Furthermore, if each autobuilder uses the global computation cache
described above, then each target will be built only once, unless its
build dependencies are different in each distribution.



\section{Multiple-Directory Target}

For some projects you might want to work on multiple packages at the
same time. For example, you might be working on an application, and
making changes to the libraries it relies on.  Another common scenario
is propagating a format change through multiple applications, where
you want to come out with a single update that keeps everything working.

It would be nice if there was a simple mechanism so that you could
modify the various packages, and the autobuilder would automatically
rebuild the local dependencies as necessary.

One idea is that you would check all the source out into a
subdirectory. You would then run the autobuilder in the subdirectory
and it would build all the packages. Packages directories would be
detectable, in part, because they have a debian subdirectory.
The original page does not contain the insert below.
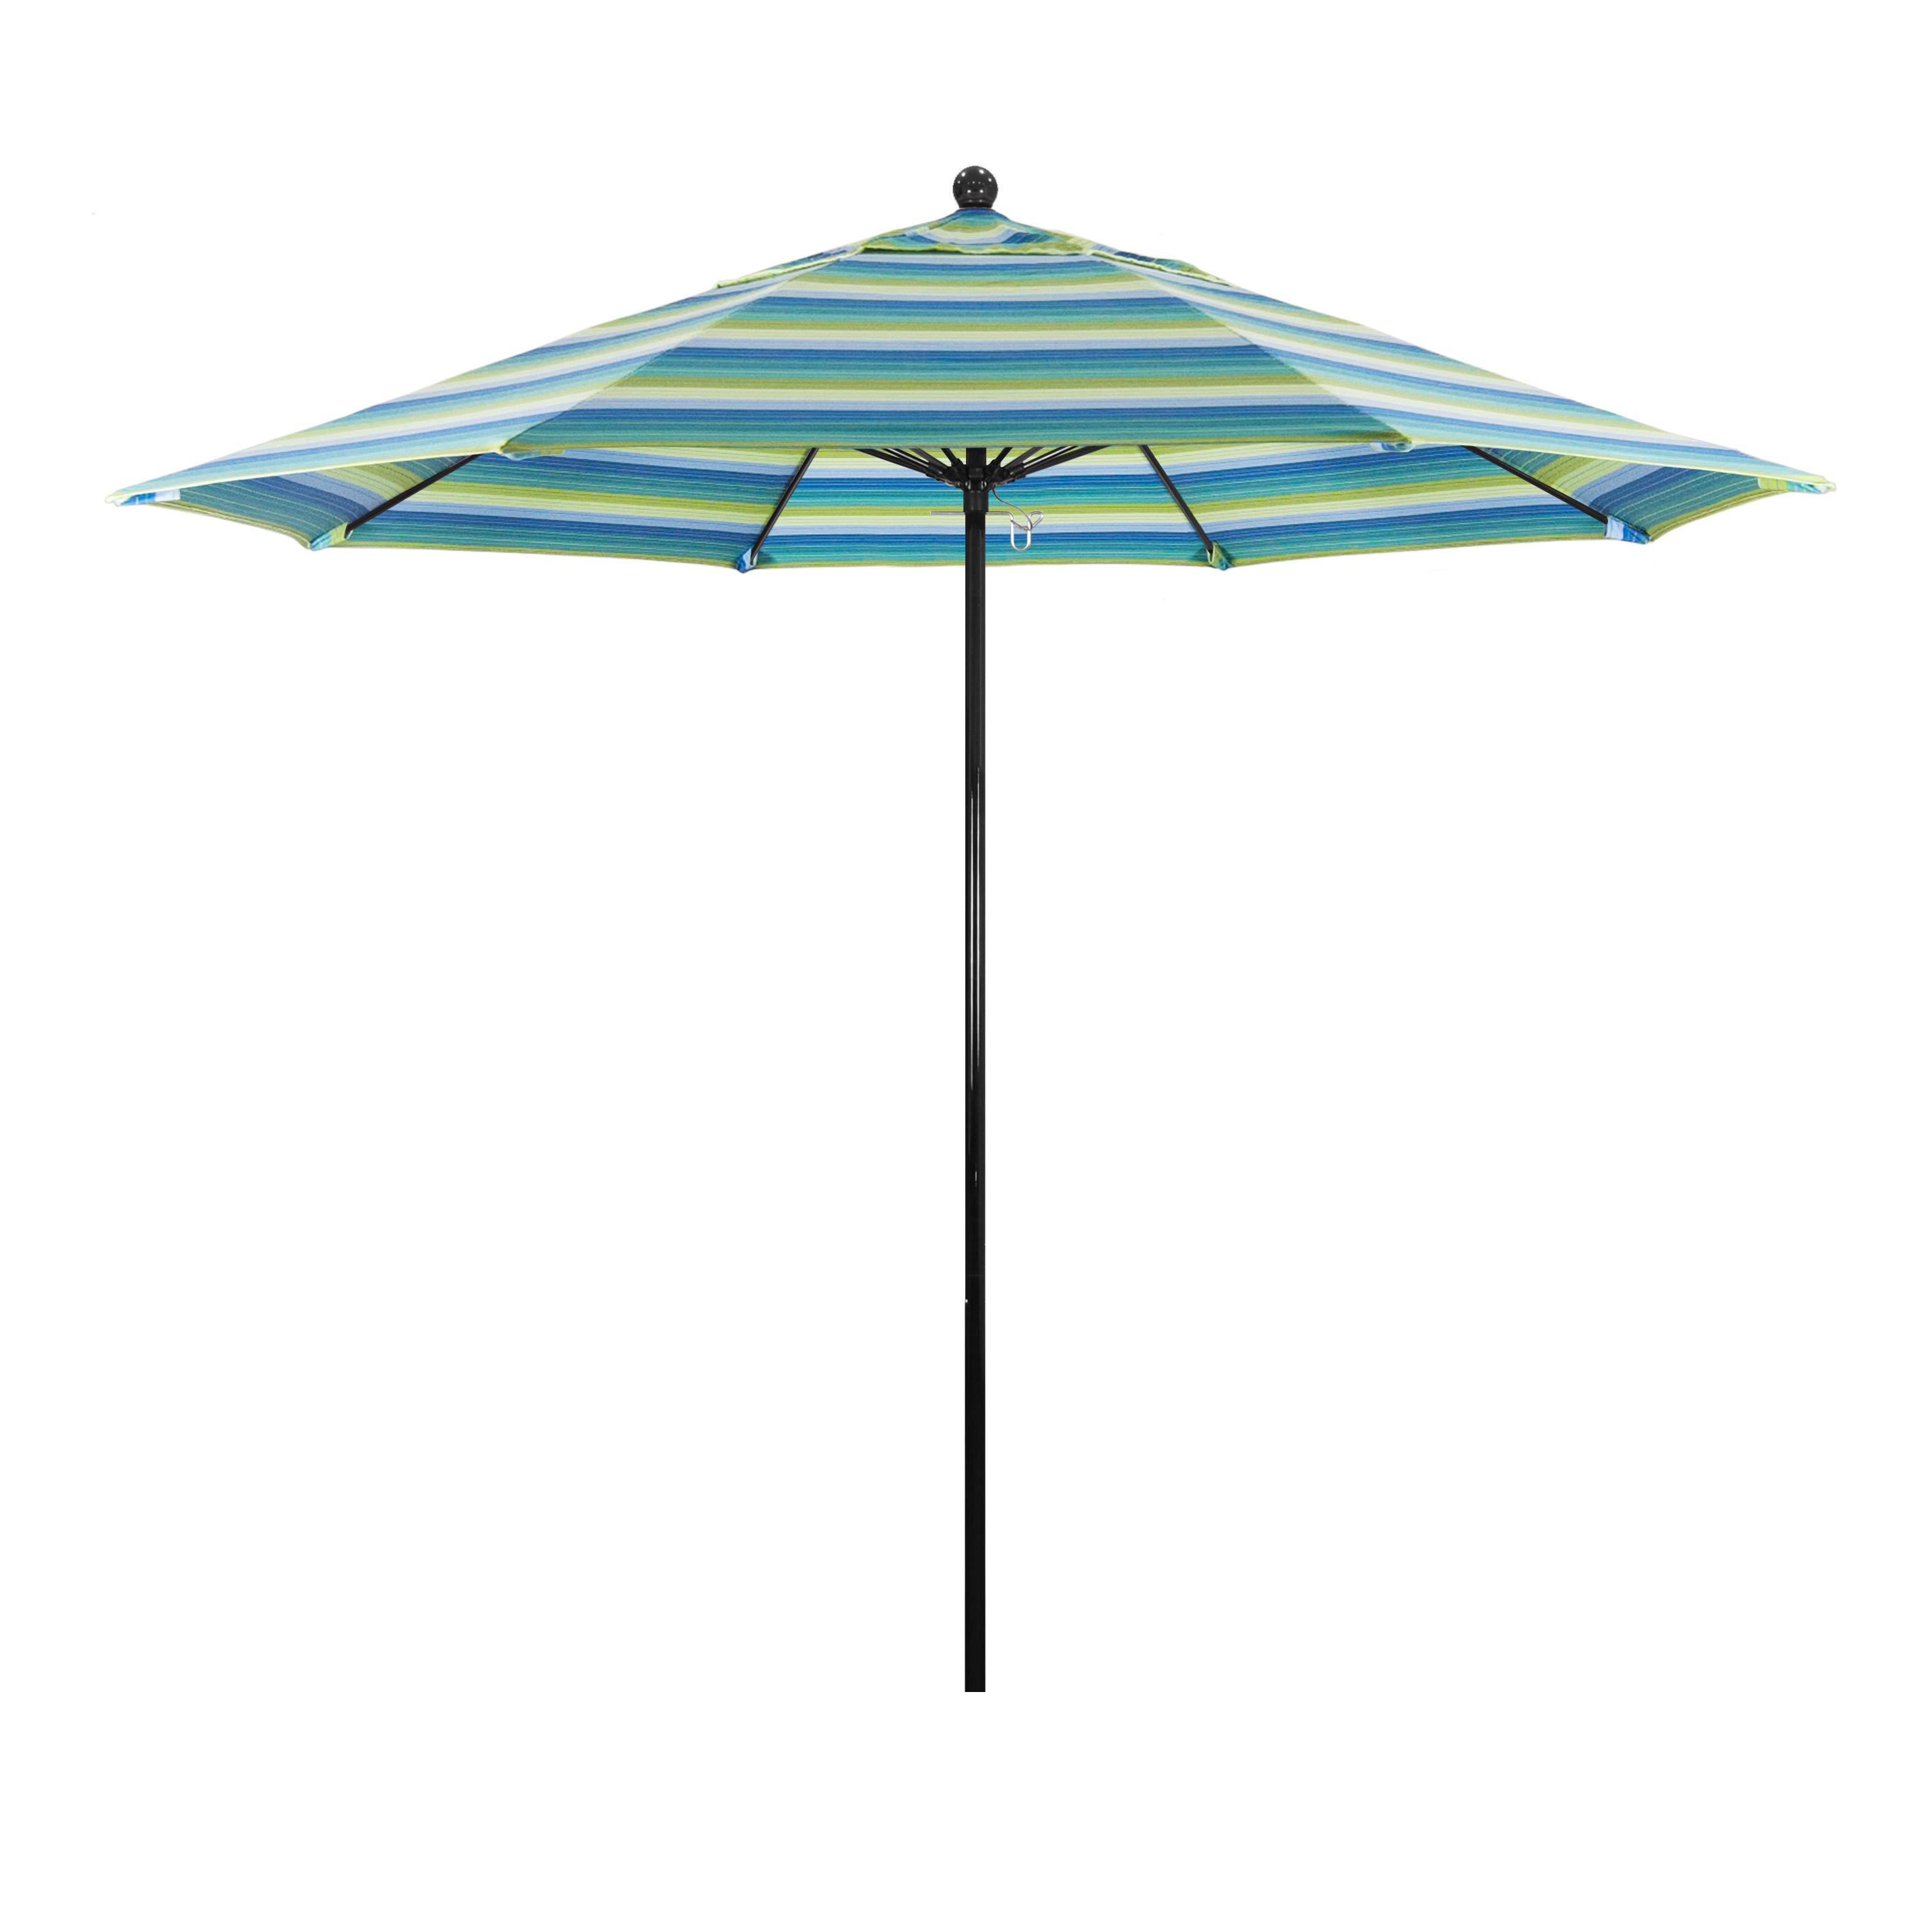 Caravelle Square Market Sunbrella Umbrellas Throughout 2020 Oceanside Series 9' Market Sunbrella Umbrella (Gallery 6 of 20)

\section{Requirements for Changelog Handling in the AutoBuilder}

The {\tt debian/changelog} file records the history of a package, but
also controls the version number, the distribution name, and the
urgency of each build.  It is necessary for the autobuilder to manage
this file in order to perform it job.

Apart from the few bits of information which are used by the build
system, the changelog is intended to be read by humans.  To this end
it is important to avoid cluttering it with unimporant information,
and to assist the changelog author, the software developer, in editing
the entry so that it summarizes the changes to emphasize the issues
that will affect the end users of the package.  Depending on one's
development style, this can be quite different from the issues that
appear in the log of the source code control system, because those
entries might reflect developer oriented changes that do not affect
the end user, and may have a finer granularity than a changelog entry.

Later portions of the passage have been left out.